Mark searched his memory. He took thousands of pictures a year. It’s likely at some point he had taken some pictures of the building. Who in Chicago hadn’t?

Before he could reply, Bill motioned to the guards. “Set him up for position three.”

Position three? What the hell was that? A guard circled in front of him and released Mark’s hands from the chain that connected to the one between his ankles. The guard attached a longer chain on the end and passed the end over Mark’s shoulder to another guard behind him. The wooden chair scraped across the floor, and Mark turned to see the guard behind him stand on the chair and pass the end of the chain through an eye bolt jutting out of the ceiling. Dread flooded him and he looked to the men seated at the table. The two writing had set their pens down and the other one sat back with his arms folded. Were they just going to sit there and watch?

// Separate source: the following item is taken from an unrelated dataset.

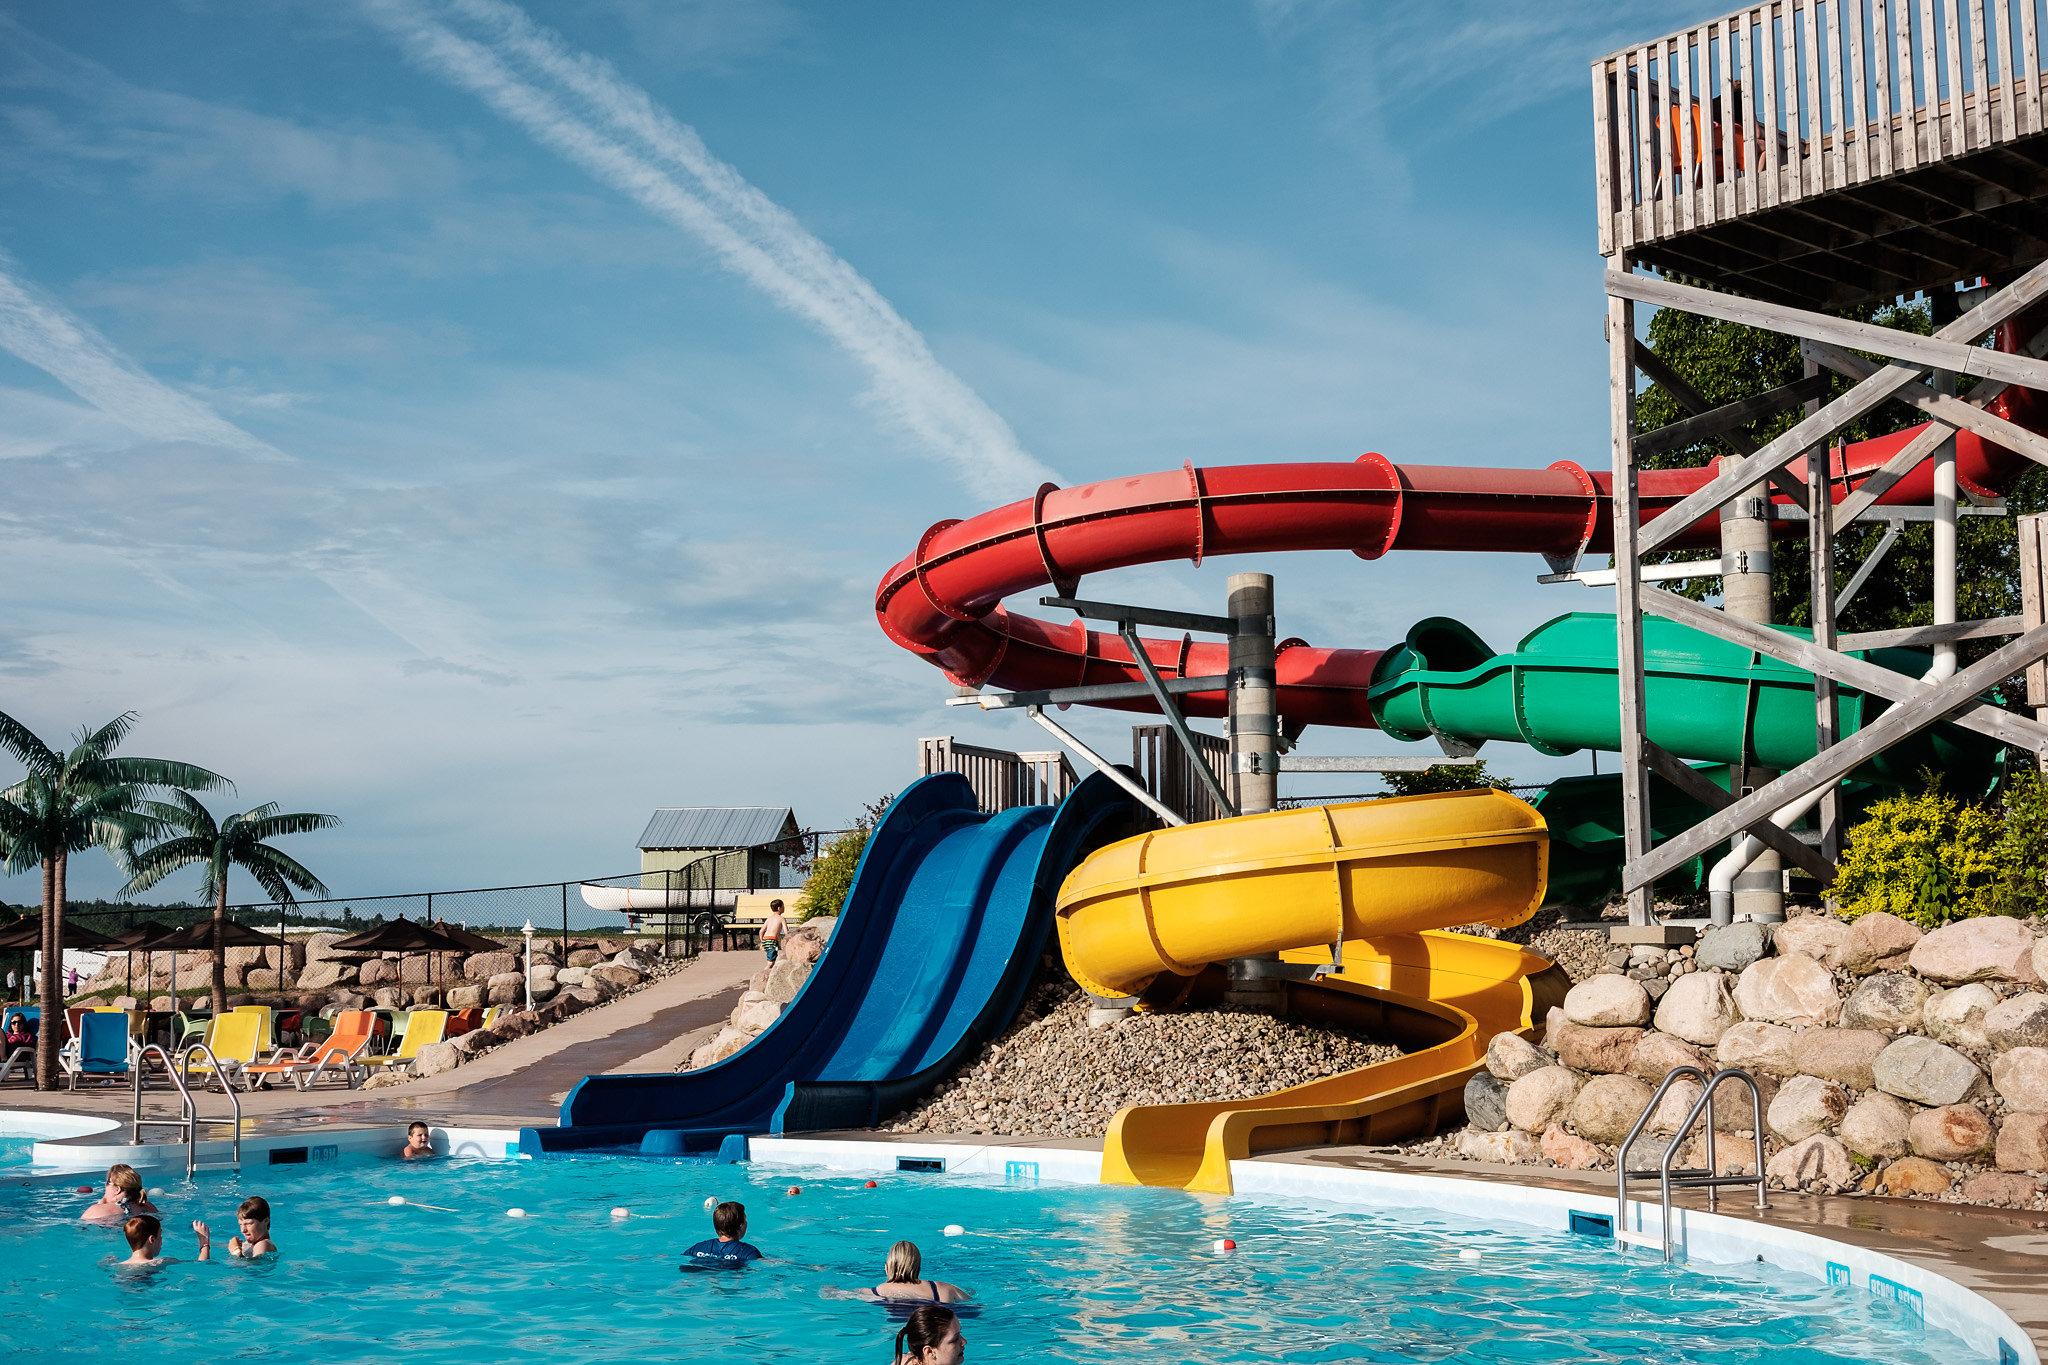 Water Park  Slide into summer fun at Hartt Island!   Let's Make a Splash

Seconds later, Mark’s arms jerked as the chain tightened until his arms were pulled up and behind his head. In front of him, the first guard secured a short chain to a bolt in the floor. His shoulders began to ache almost immediately and when he tried to step back to ease the tension, the chain connected on the floor pulled tight, and he had the sensation of falling backwards. A knife-like kind of pain shot across his shoulders as they bore all of his weight for those few seconds. The position forced him to keep his feet forward while his arms pulled him back. It didn’t take long before the ache turned to an unrelenting burning.

Mark hung with only the balls of his feet touching the floor. If he pushed with his toes, it relieved the pressure in his shoulders a tiny bit, but created a new pain in his calves.

They didn’t need to do this. His breaths scraped out, harsh and loud. Sweat dripped, stinging his eyes. He tried to swipe his face on one of his shoulders, but they were pulled too far back. A groan escaped him and Jim looked up from the file, his face impassive.

Mark looked at Bill. Maybe he would show some mercy. He licked his lips, ready to plead with the man, when without warning, a hood descended, cutting off Mark’s vision. He shook his head, knowing it was futile but the pain and sense of suffocation forced him to react.

His hands went numb even as his shoulders and legs shot bolts of agony though his limbs. He tried to stay quiet-tried not to let them hear how much it hurt. He didn’t want to give the bastards the satisfaction. Despite his resolve, his head sagged forward and every gasping breath ended in a moan. He couldn’t help it. His eyes watered and he was almost glad for the hood. At least that shame was hidden.